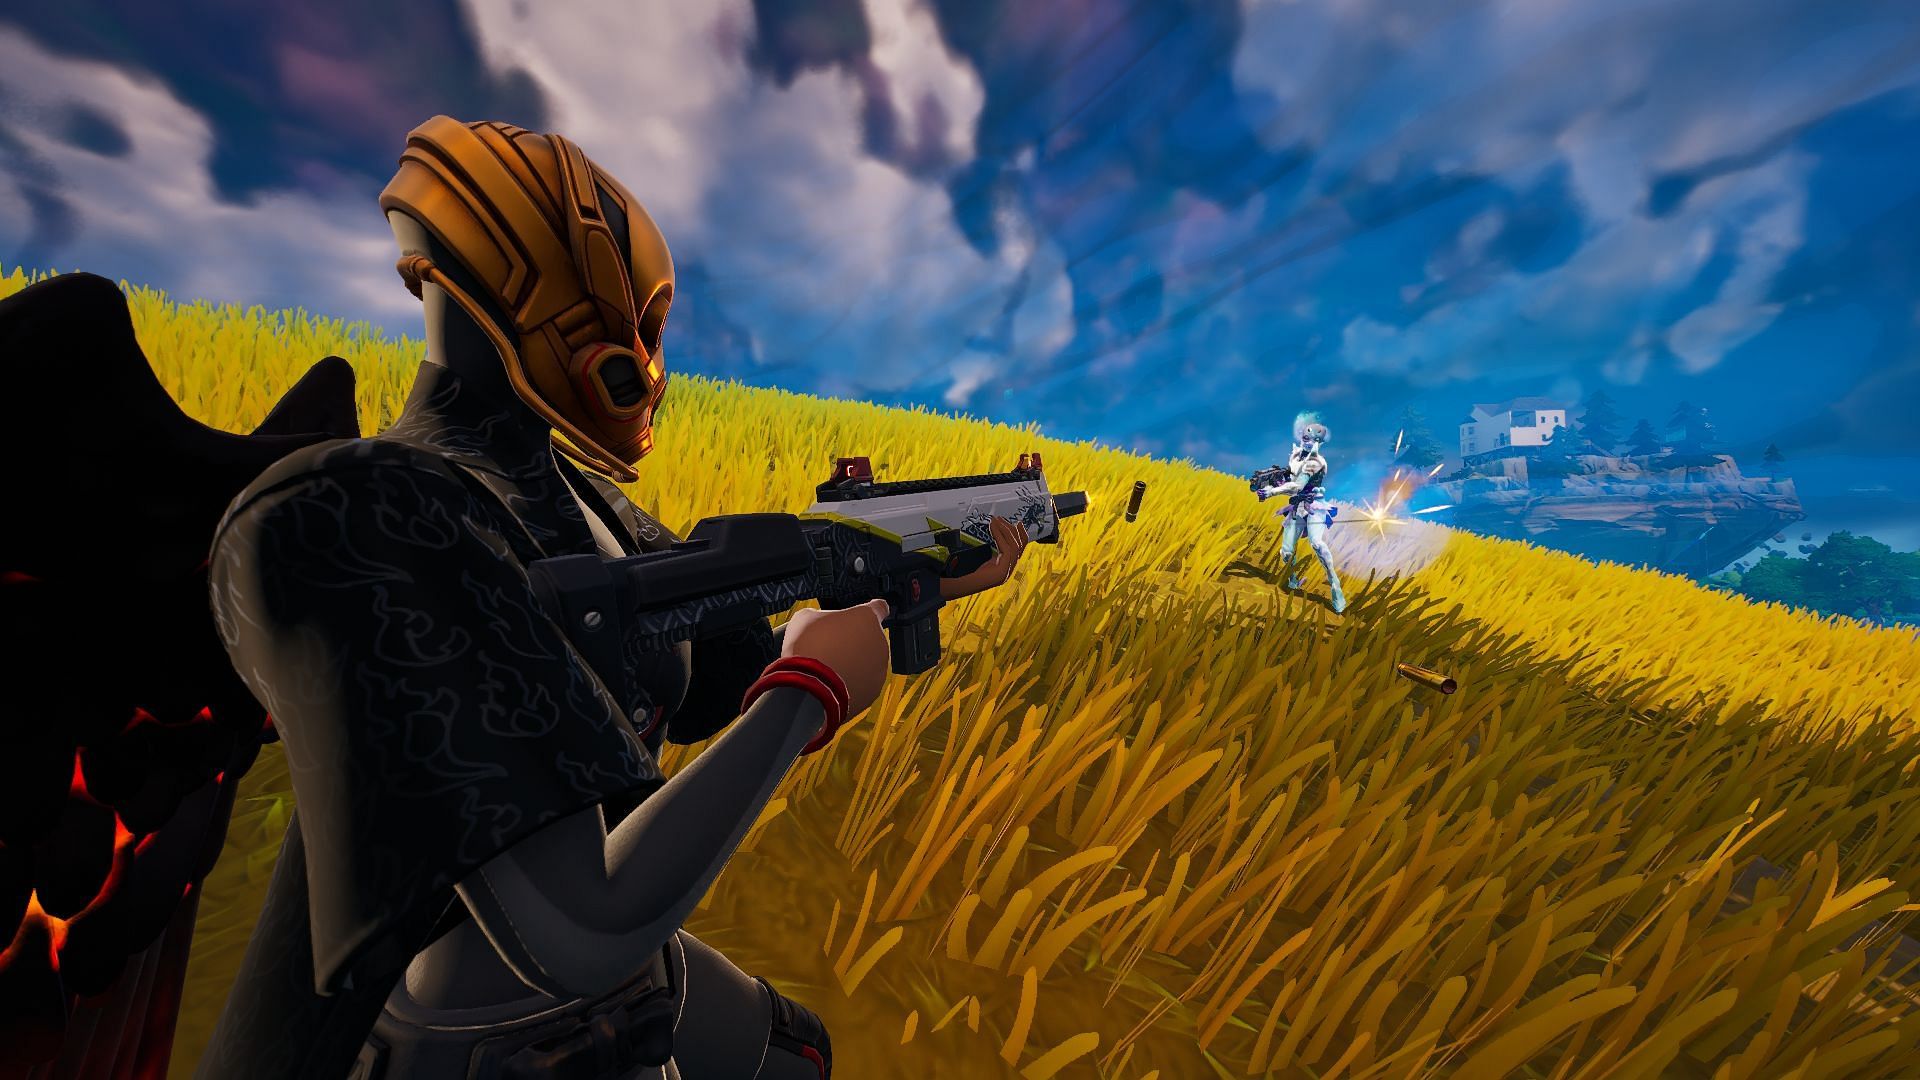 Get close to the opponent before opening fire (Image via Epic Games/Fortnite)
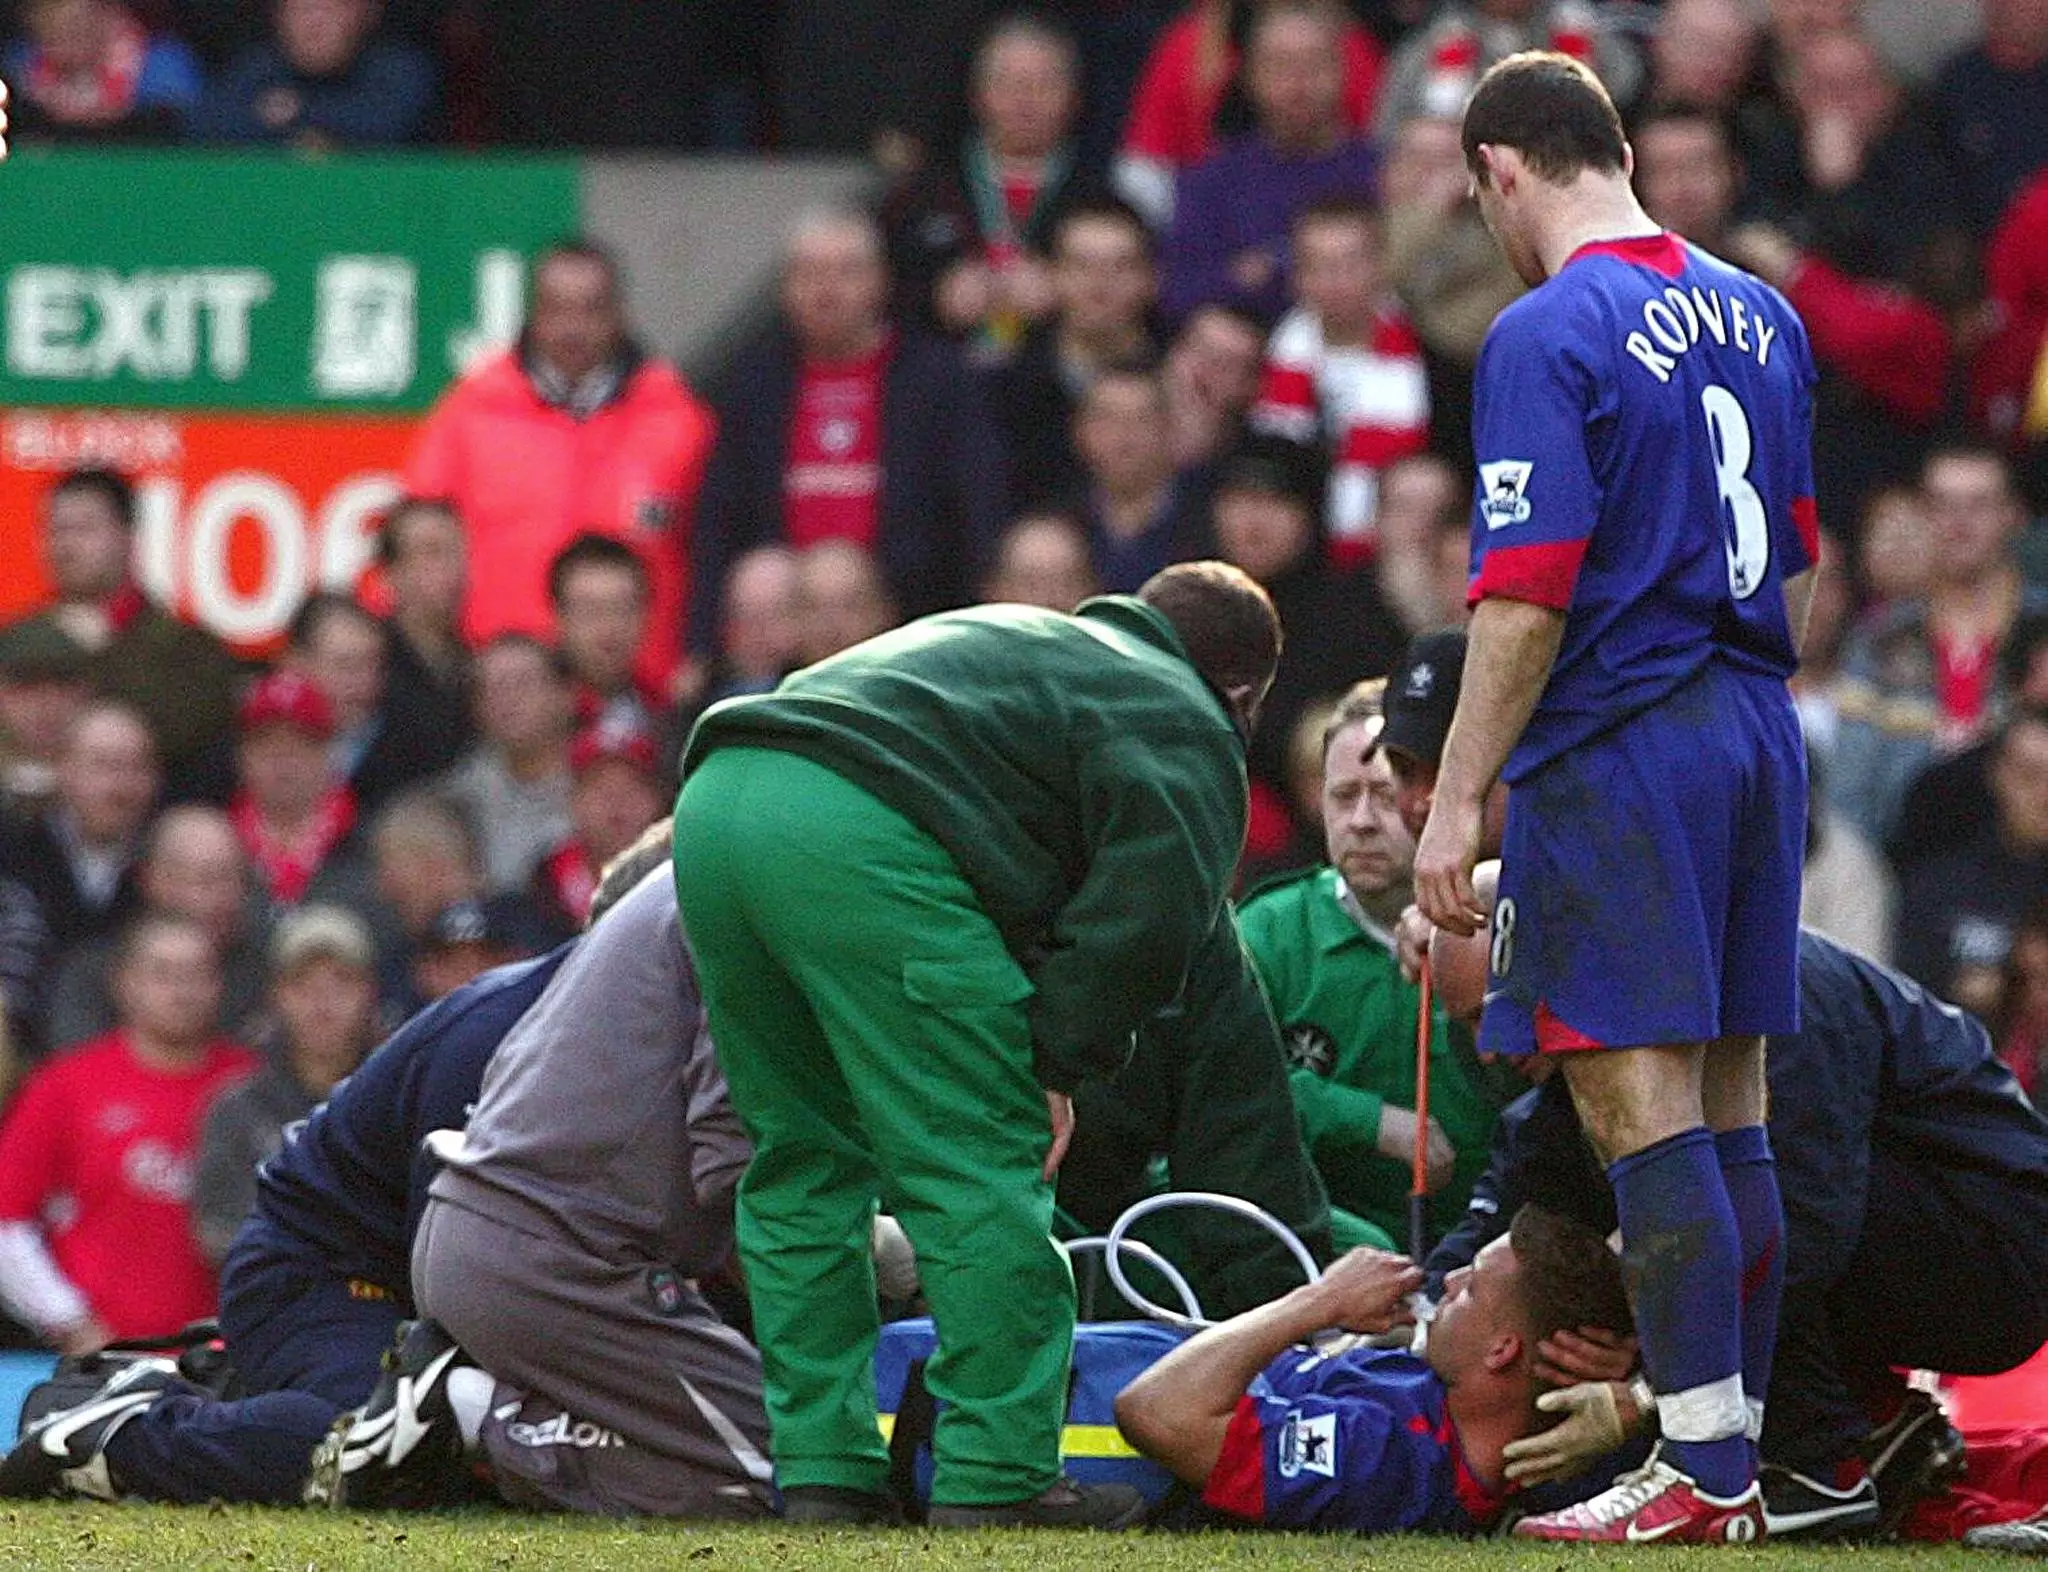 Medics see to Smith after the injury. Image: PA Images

- - - - - - -

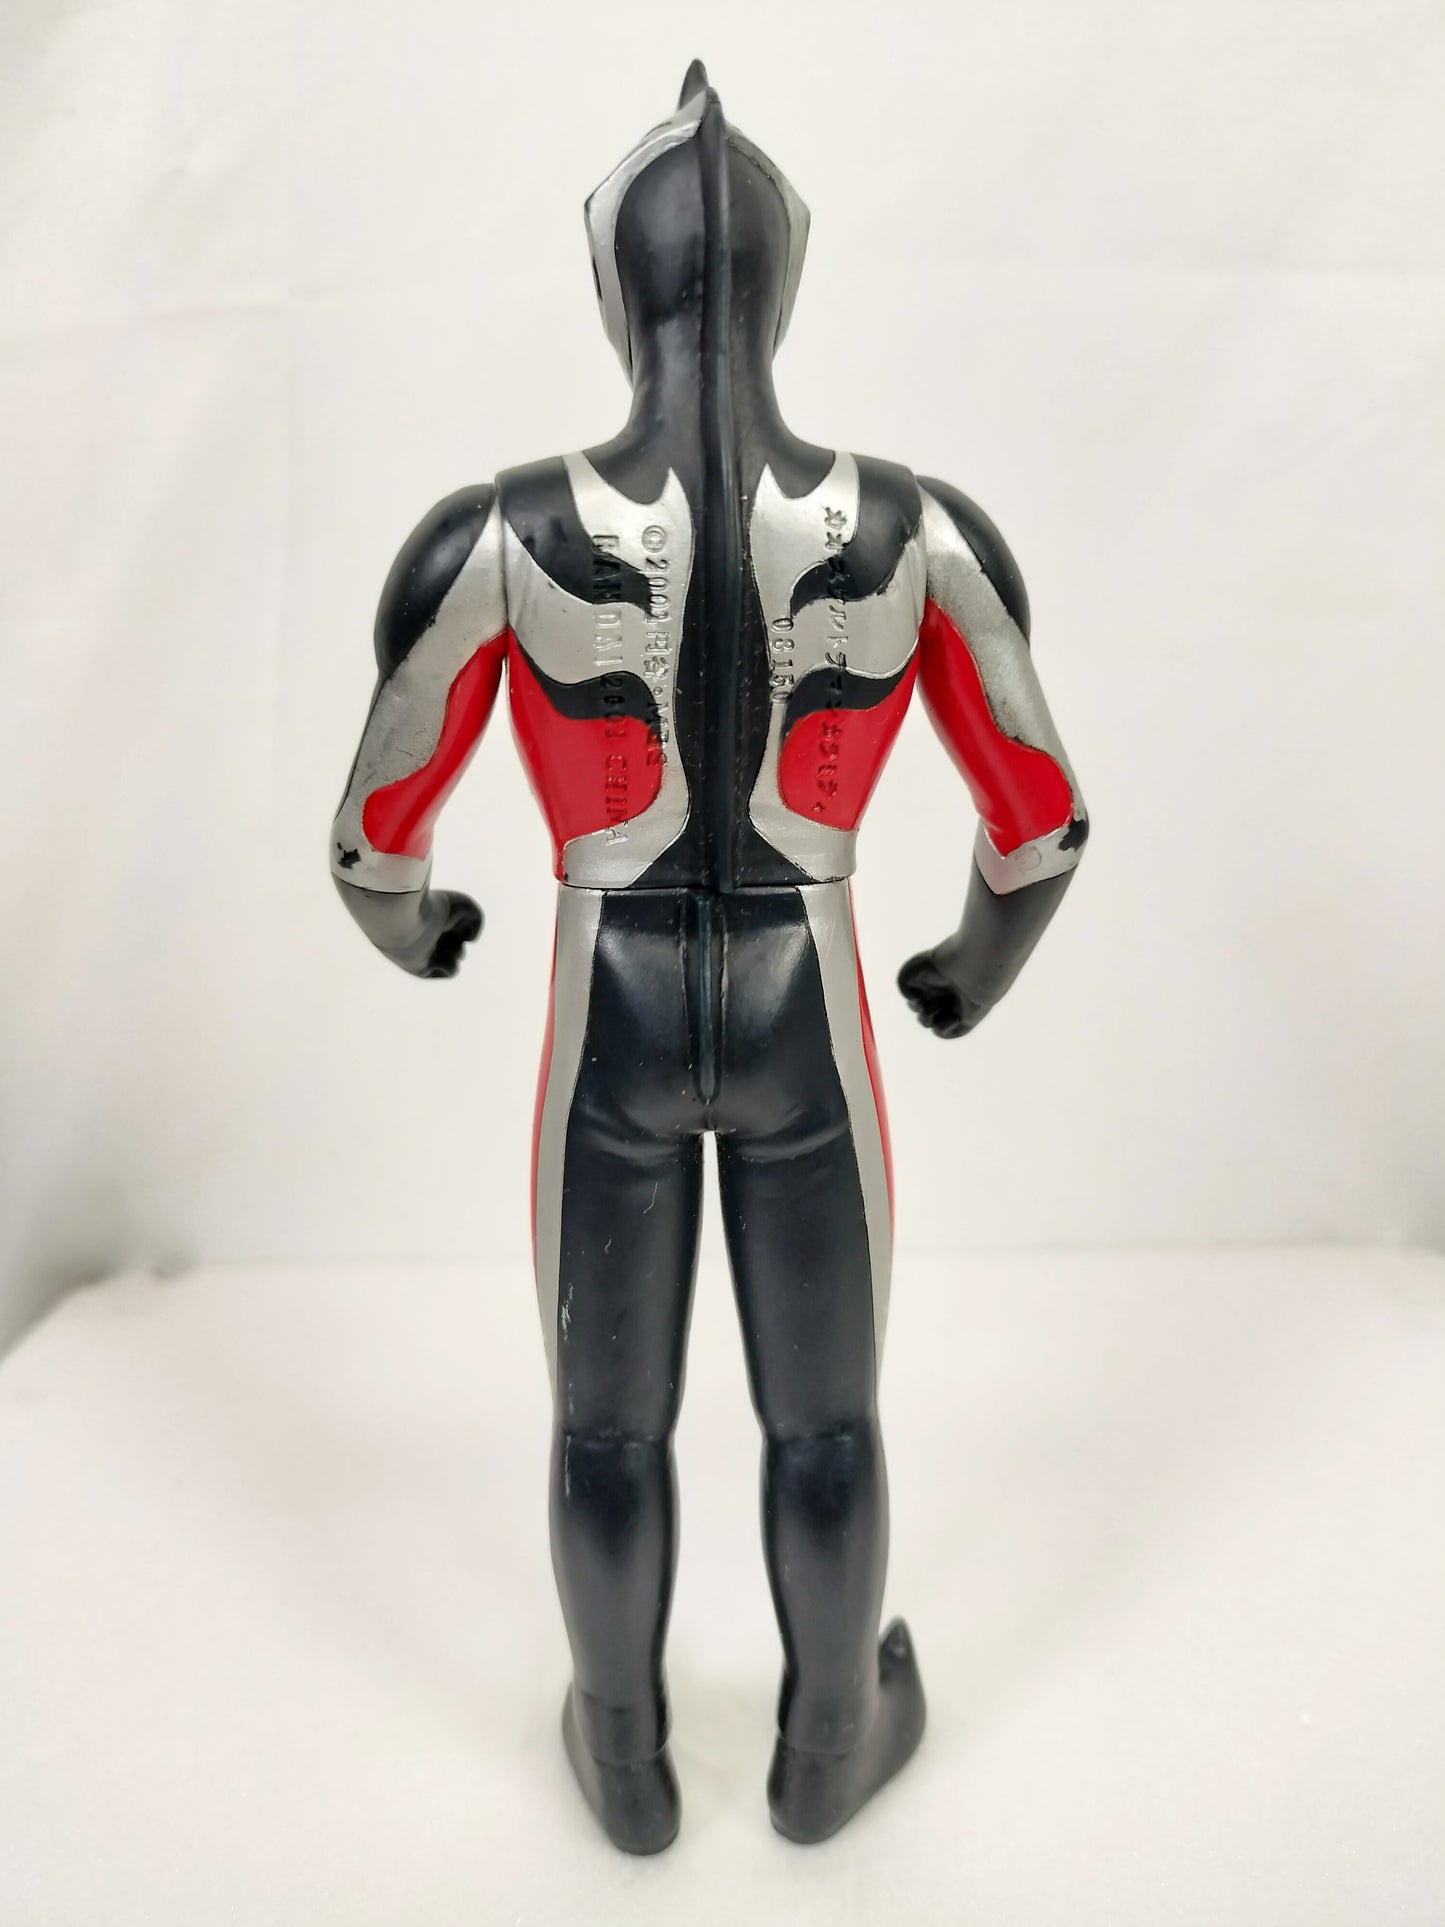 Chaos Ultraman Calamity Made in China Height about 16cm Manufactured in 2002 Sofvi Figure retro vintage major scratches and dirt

- - - - - - -

▸ **Work to be completed**
With the pictures removed, print only the lines starting at the line that has "Get close to" and ending at the line that has "Medics see to", both ends included, exactly as they stand above.

▸ **Expected output**
 Get close to the opponent before opening fire (Image via Epic Games/Fortnite)
 Medics see to Smith after the injury. Image: PA Images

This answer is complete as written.